I'm looking for a two dimensional wave-like equation (or the best that can be had) for the following situation:
Roughly we have a fluid resting not over a fixed flat surface but over a substrate of variable height.
In more detail, imagine I have a solid impermeable substance (think "rock") whose height over a bounded rectangle is given by a function $r$. Above the surface of the "rock" is a surface (think "water") given by a function $w$ with $w \geq r$. This surface then evolves as one would expect water to flow over a solid subsurface of variable height.
Pardon the lack of formality, I'm not familiar with the terminology. What I'm fishing for here is better terminology, references, and numerical simulation of this situation.
Here are the shallow water equations, translated into your notation and ignoring Coriolis and viscosity terms. They involve two extra variables, $u$ and $v$, representing the velocity of the fluid in the $x$ and $y$ directions. $$\begin{aligned} {\frac {\partial w}{\partial t}}&+{\frac {\partial }{\partial x}}{\bigl (}(w-r)u{\bigr )}+{\frac {\partial }{\partial y}}{\bigl (}(w-r)v{\bigr )}=0,\\ {\frac {\partial u}{\partial t}}&+u{\frac {\partial u}{\partial x}}+v{\frac {\partial u}{\partial y}}=-g{\frac {\partial w}{\partial x}},\\ {\frac {\partial v}{\partial t}}&+u{\frac {\partial v}{\partial x}}+v{\frac {\partial v}{\partial y}}=-g{\frac {\partial w}{\partial y}}, \end{aligned}$$ where $g$ is acceleration due to gravity.
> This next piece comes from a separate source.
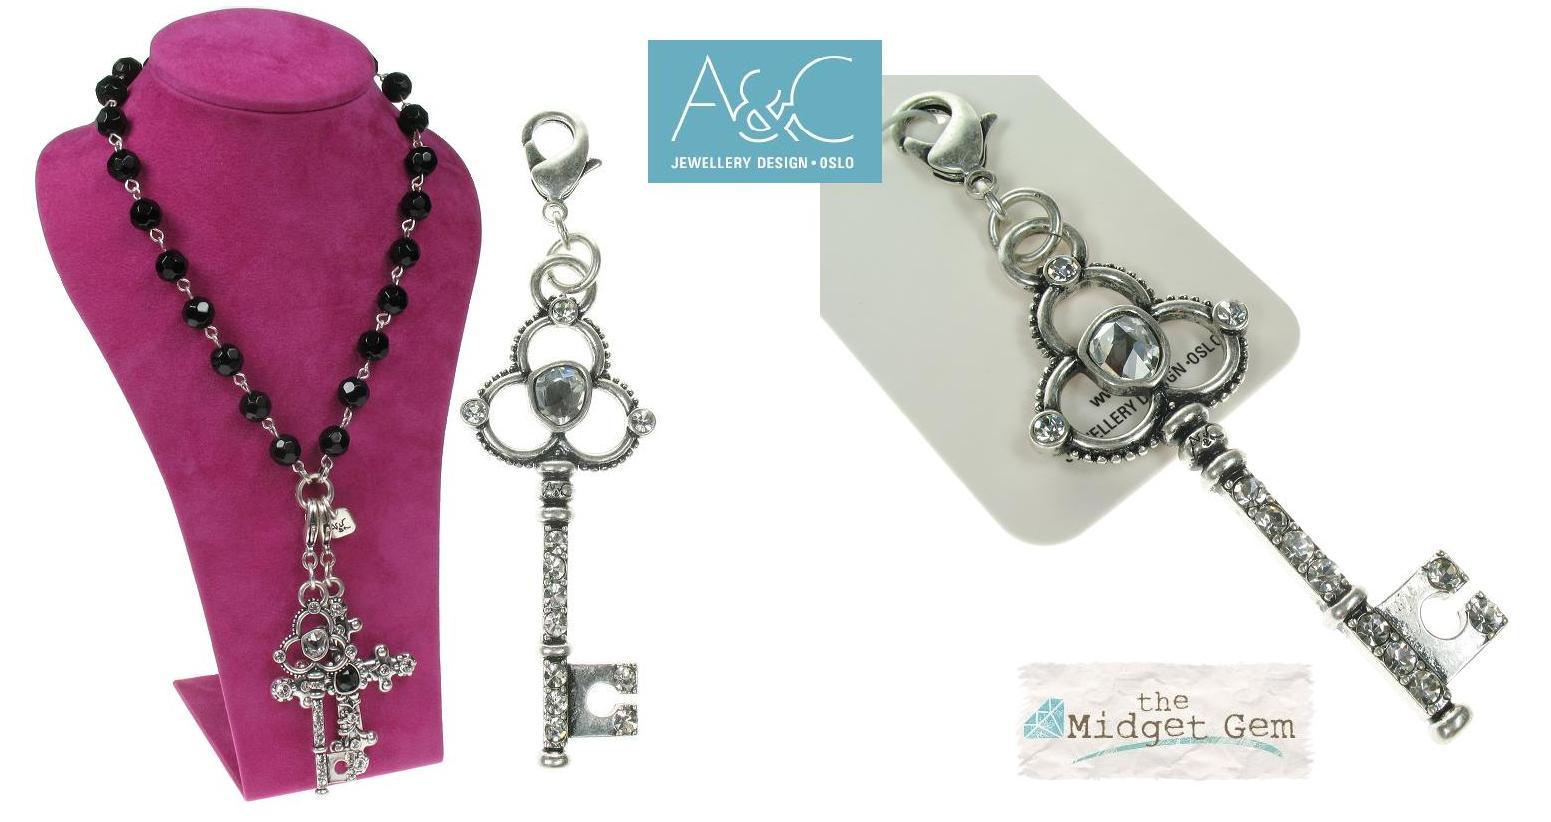 A & C - Large Ornate Crystal Studded Key Clasp-On Charm

If you want something that looks more like the wave equation, you can proceed as follows. Assuming the velocities are relatively small, and $w$ does not vary significantly relative to its mean value $W$, we obtain the linearized shallow water equations by neglecting the quadratic terms: $$\begin{aligned} {\frac {\partial w}{\partial t}}&+{\frac {\partial }{\partial x}}{\bigl (}(W-r)u{\bigr )}+{\frac {\partial }{\partial y}}{\bigl (}(W-r)v{\bigr )}=0,\\ {\frac {\partial u}{\partial t}}&=-g{\frac {\partial w}{\partial x}},\\ {\frac {\partial v}{\partial t}}&=-g{\frac {\partial w}{\partial y}}. \end{aligned}$$ Taking the time derivative of the first equation and substituting in the second and third, this is equivalent to $${\frac {\partial^2 w}{\partial t^2}}=g{\frac {\partial }{\partial x}}\left ((W-r){\frac {\partial w}{\partial x}}\right )+g{\frac {\partial }{\partial y}}\left ((W-r){\frac {\partial w}{\partial y}}\right ).$$